Today’s guest has done a considerable amount of work for public TV station WJCT, such as public affairs, producing documentaries, reporting, fundraising, and for eight years he produced the Jacksonville Jazz Festival. The local CBS affiliate also had him working as a cameraman and assistant director!

Writing has always been his passion, and he’s done a lot of it, including three award-winning young adult novels about an extraordinary cat named Windrusher, a multiple-award-winning murder mystery set in northeast Florida, Matanzas Bay, headlined his own humor column in a community paper, and has even been published in Florida Trend Magazine. I met him when I attended one of his speaking engagements, which he does several times a year at libraries, book festivals, and conferences because he’s a regional director of the Florida Writers Association. Please welcome Victor DiGenti!

JC: Vic, good to see you again! You look like you’re having more fun than a barrel full of monkeys.

VD: My wife often accuses me of monkey business, but I do try to weave some fun into the business of writing.

JC: So I've heard. Where are you in your life or career or pursuit of your goals?

VD: There’s a line in my newly released mystery, Matanzas Bay, where protagonist Quint Mitchell waxes philosophically, saying, “… there comes a time when we look back on the things we’ve done and it weighs heavily on us.” The same can be said of the things left undone. In my more callow years, I had fantasies of being a foreign correspondent and a network news anchor. Later, when I became a novelist, I dreamed of making The New York Times Bestseller list. Of being on the Today Show and Oprah. Of having Windrusher made into a movie starring Nicole Kidman. After the movie premiere, she’d invite me to her Malibu Beach house where we … No, wait, that was completely different fantasy.

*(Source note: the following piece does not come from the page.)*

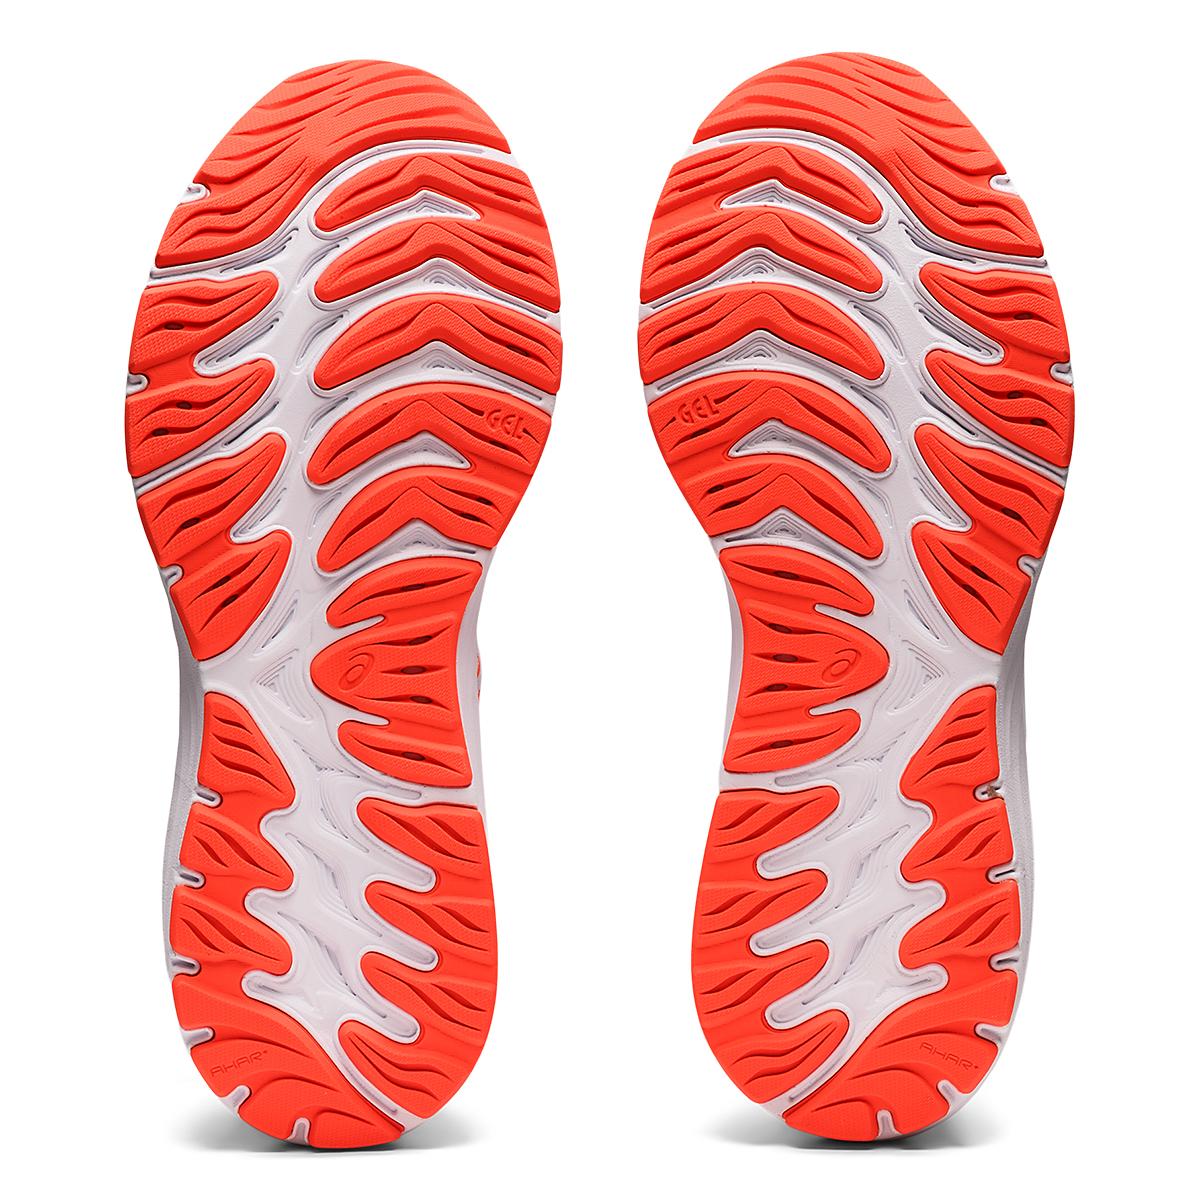 Women's Asics Gel-Cumulus 23 Running Shoe - Color: White/Sky - JackRabbit Exclusive - Size: 5 - Width: Regular, White/Sky - JackRabbit Exclusive, large, image 7

JC: Sounds like a story for the “After Dark” edition.

VD: Don’t jump to conclusions, Jaycee. I was going to say we would make some popcorn and watch the Windrusher movie again. But to be serious about your question, I’m feeling good about where I am right now. I retired from a career in broadcasting at a relatively early age and jumped into something I’d always wanted to do, which is writing novels. Thanks to organizations like the Florida Writers Association, I was able to learn how much I didn’t know about writing and publishing. But after several years, I’d published the first in my Windrusher trilogy. And now I’ve published my first mystery, which is part of the Quint Mitchell Mystery series. To put things in perspective, though, much of my time was also devoted to volunteer work. I’ve served on the boards of several organizations since my retirement, including chairing the St. Johns County Tourist Development Council’s event funding committee (which came about from my years as an event producer with WJCT), was president of the Friends of the Ponte Vedra Library and still serve on the board, and am active with FWA as Regional Director for NE Florida where I oversee six chapters, and lead the one in Ponte Vedra Beach. I find this part of my life quite fulfilling.

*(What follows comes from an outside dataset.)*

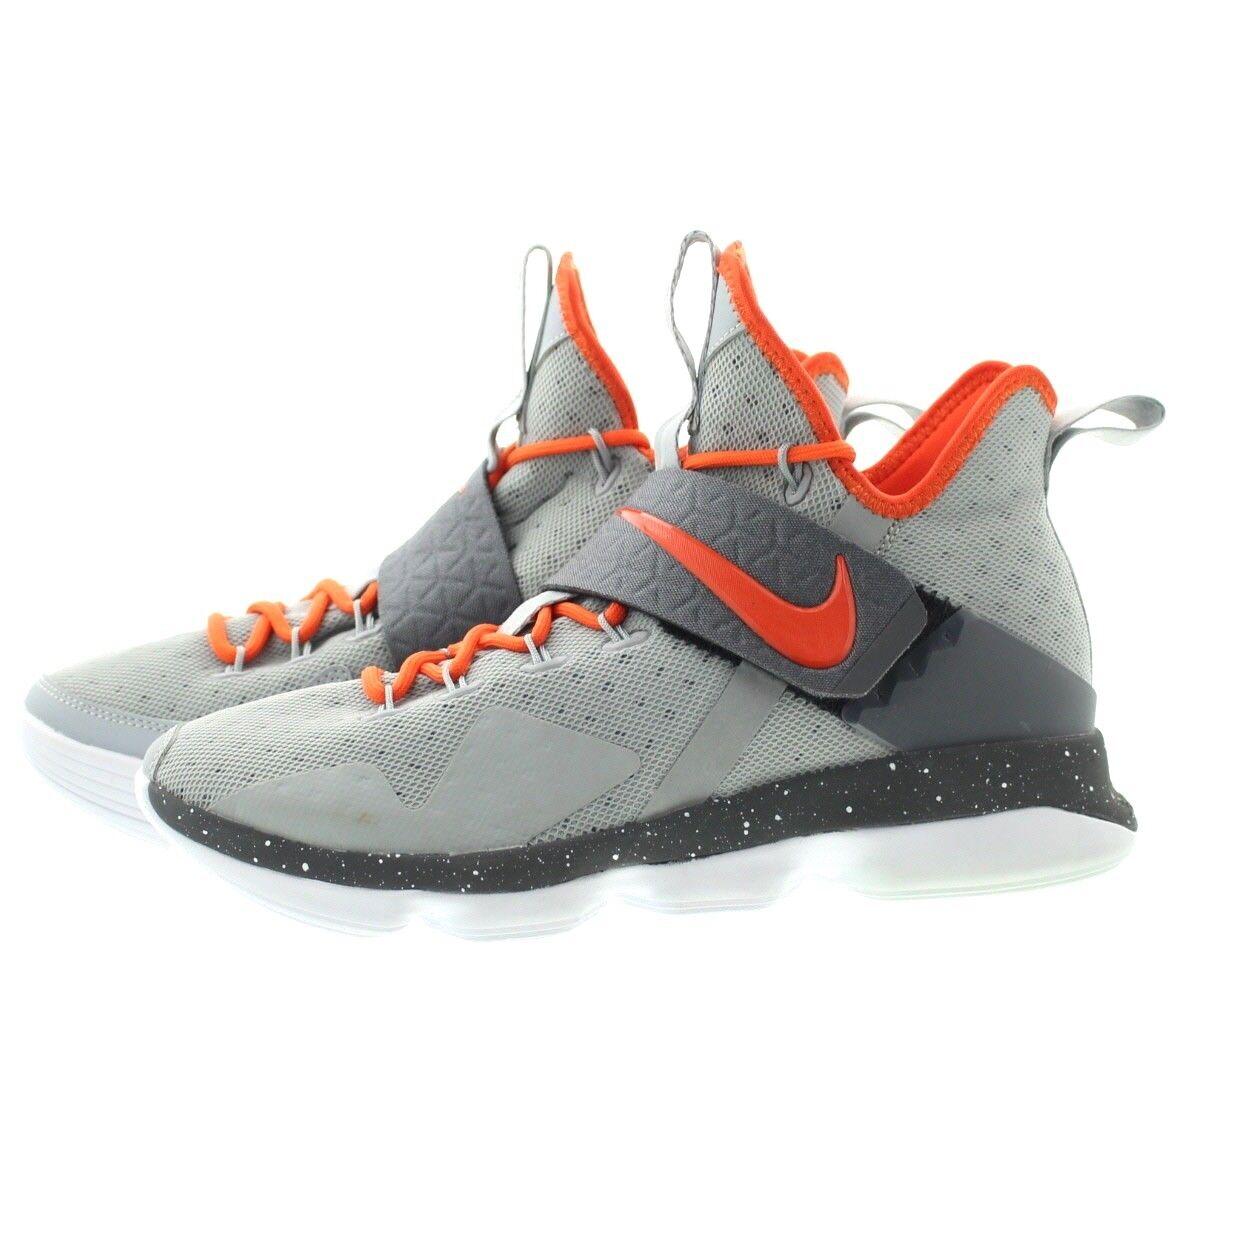 Nike 926720 991 Mens Lebron XIV 14 iD Performance Basketball shoes Sneakers

JC: That’s a lot on your plate. How did you get started with all that?

VD: Even though my career was in broadcasting, writing was my first love—and reading, of course. I was one of those geeky kids who would devour anything with words on them: cereal boxes, road signs, you name it.

JC: You too? I thought I was the only one who read every cereal box and billboard.

VD: Most writers, I would guess, started out as voracious readers. From that love of the written word, somehow we were programmed to tell our own stories. That’s how it began for me. I was on my high school newspaper staff, wrote very bad short stories and poetry in college, and wrote a good deal in my job, including scripts and press releases. I also kept writing on the side as a freelancer, including writing a so-called humor column for a community newspaper for almost ten years. As I said before, it wasn’t until after I retired that I turned to writing long-form fiction. One of the turning points in my young life happened back in the 7th grade, when I entered an essay contest sponsored by the American Legion. While I didn’t win the contest, my essay took second place and, if I recall correctly, the prize was a $25 savings bond. That was cool, but I was also required to read it at a school assembly. I was terrified. Standing behind the lectern, no one could see my knees shaking, but they probably heard the tremor in my voice. But the amazing thing was that after I finished, all the kids and teachers applauded. And that response provided me with positive reinforcement and more than a little ego satisfaction, which helped direct me toward a life and career in the communications business.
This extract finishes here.